Note that temp attribute is listed among A class’s attributes while x is listed for the instance.

So how come that we get a defined value of a.temp if it is not even listed for the instance a. Well that’s the magic of __getattribute__() method. In Python the dotted syntax automatically invokes this method so when we write a.temp, Python executes a.__getattribute__('temp'). That method performs the attribute lookup action, i.e. finds the value of the attribute by looking in different places.

The standard implementation of __getattribute__() searches first the internal dictionary (dict) of an object, then the type of the object itself. In this case a.__getattribute__('temp') executes first a.__dict__['temp'] and then a.__class__.__dict__['temp']

Okay now let’s use our change method:

>>> a.change('Intervals')
>>> print(a.temp)
>>> print(A.temp)

Well now that we have used self, print(a.temp) gives us a different value from print(A.temp).

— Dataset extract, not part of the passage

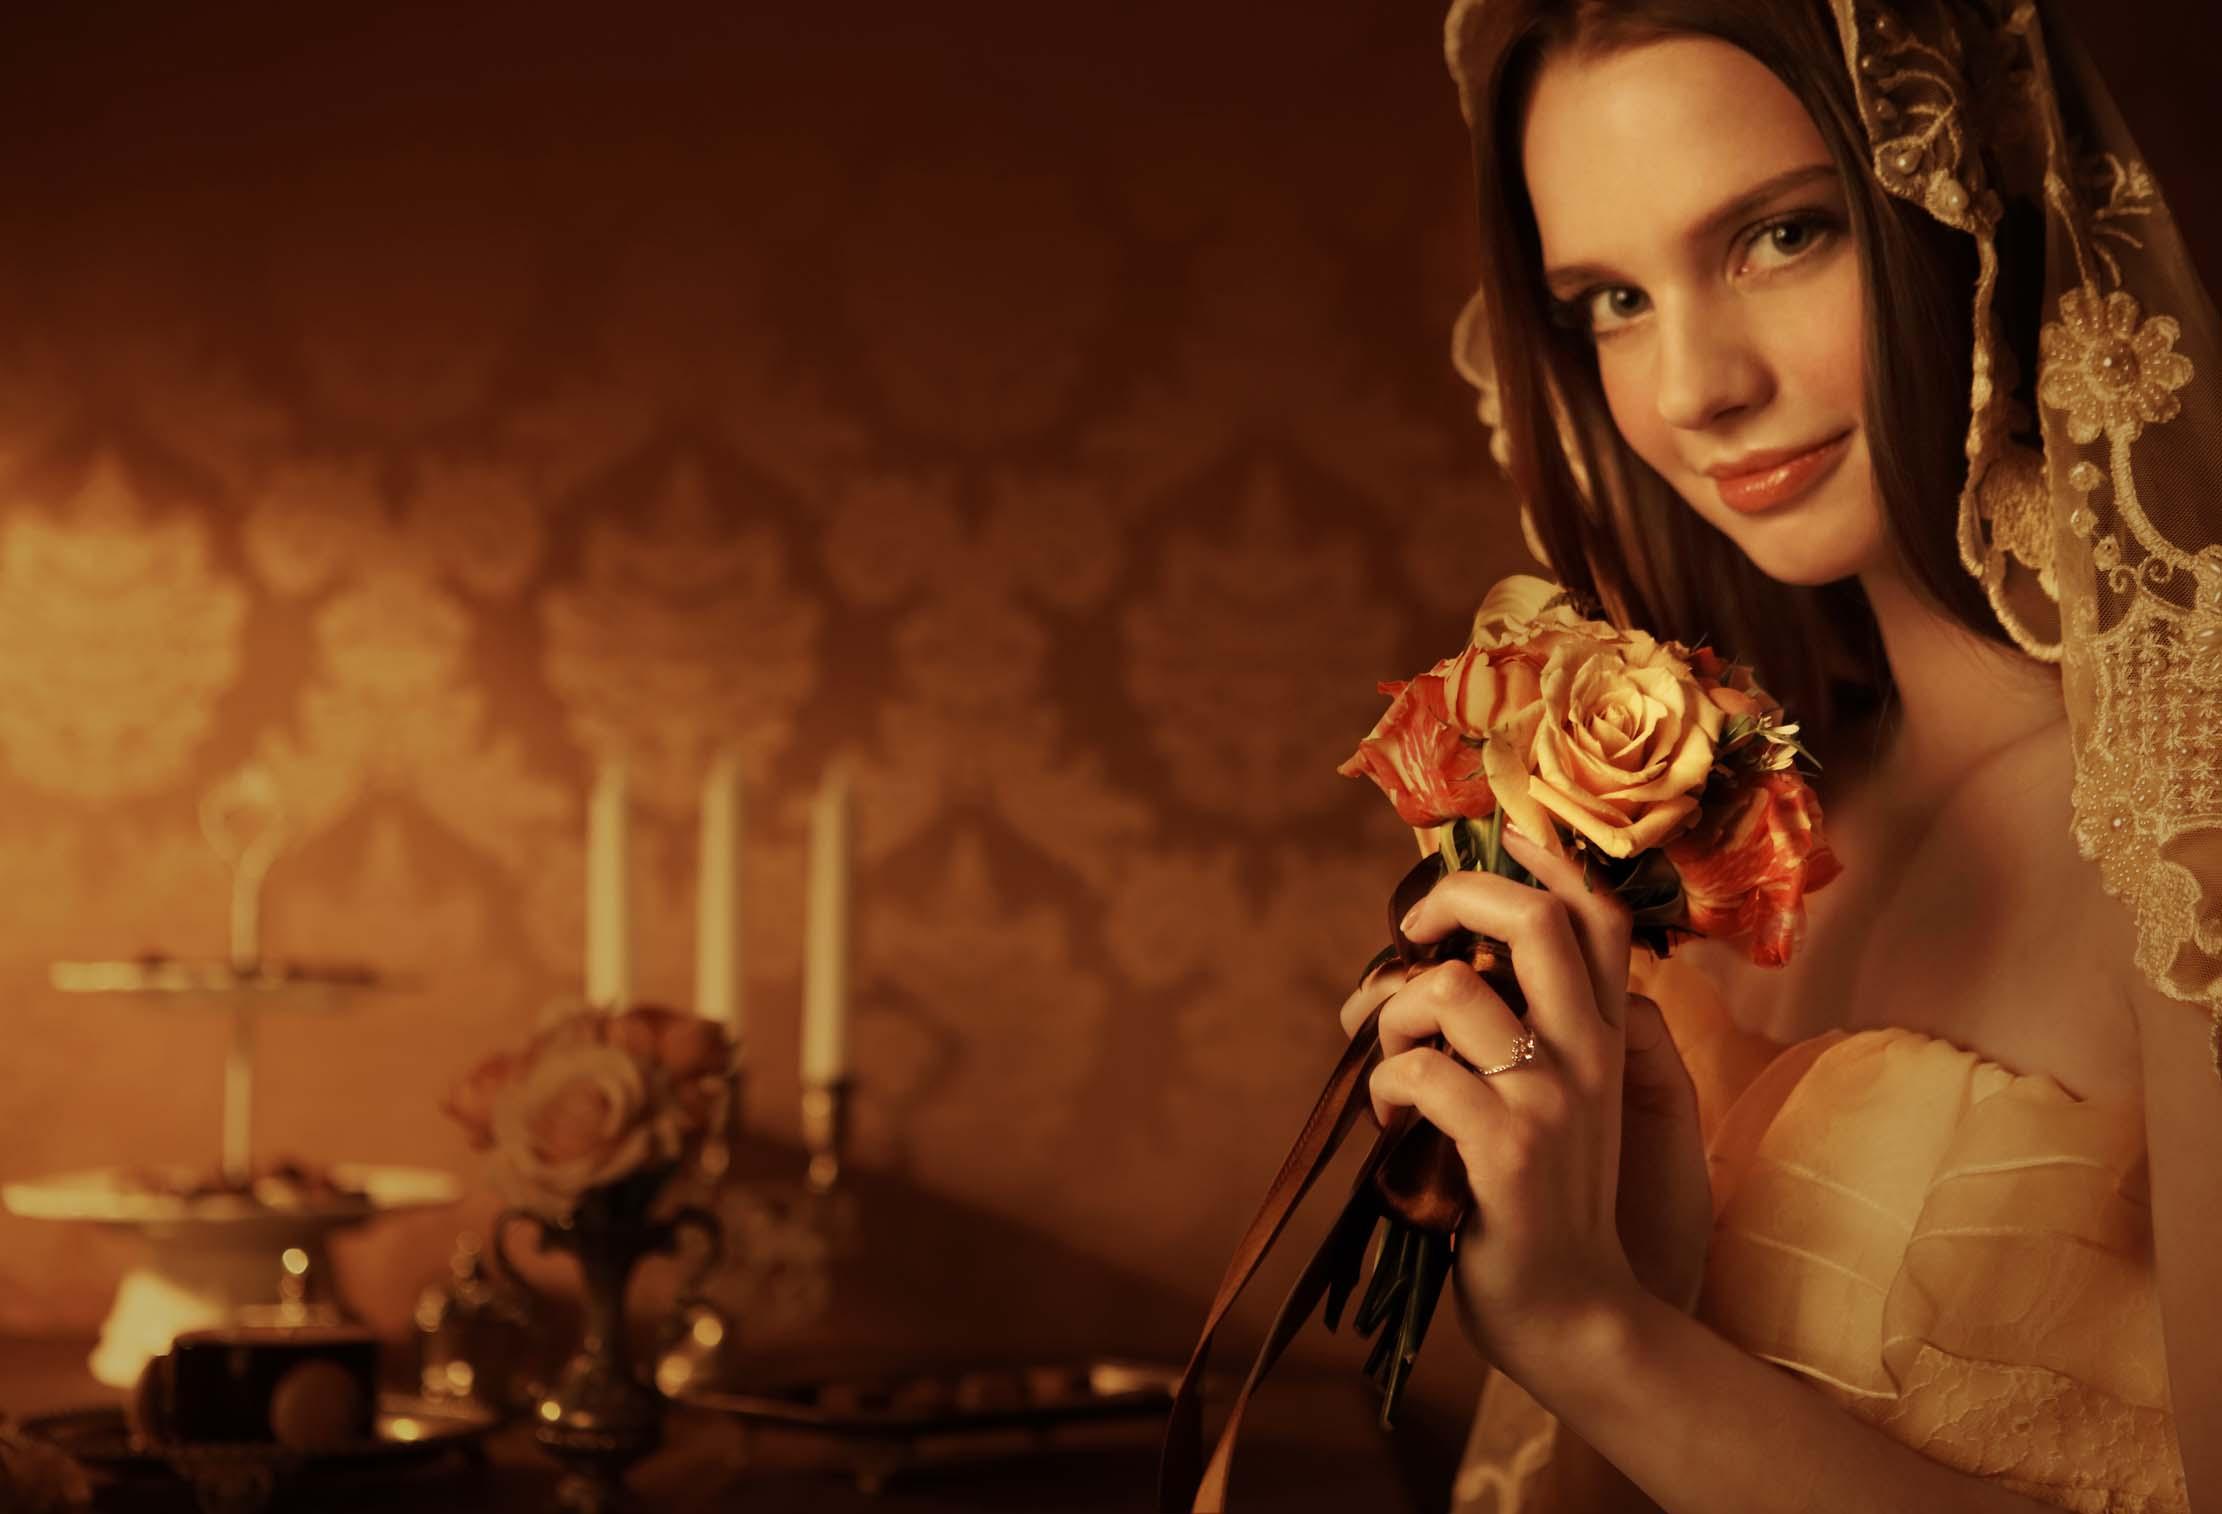 【静岡市】薬指で甘く光る♥『PAVEO CHOCOLAT』パヴェオショコラの婚約指輪が素敵!

Now if we compare id(a.temp) and id(A.temp), they will be different.

Answered By: Swapnil

To protect your variable shared by other instance you need to create new instance variable each time you create an instance. When you are declaring a variable inside a class it’s class variable and shared by all instance. If you want to make it for instance wise need to use the init method to reinitialize the variable as refer to the instance

From Python Objects and Class by

__init__() function. This special function gets called whenever a new object of that class is instantiated.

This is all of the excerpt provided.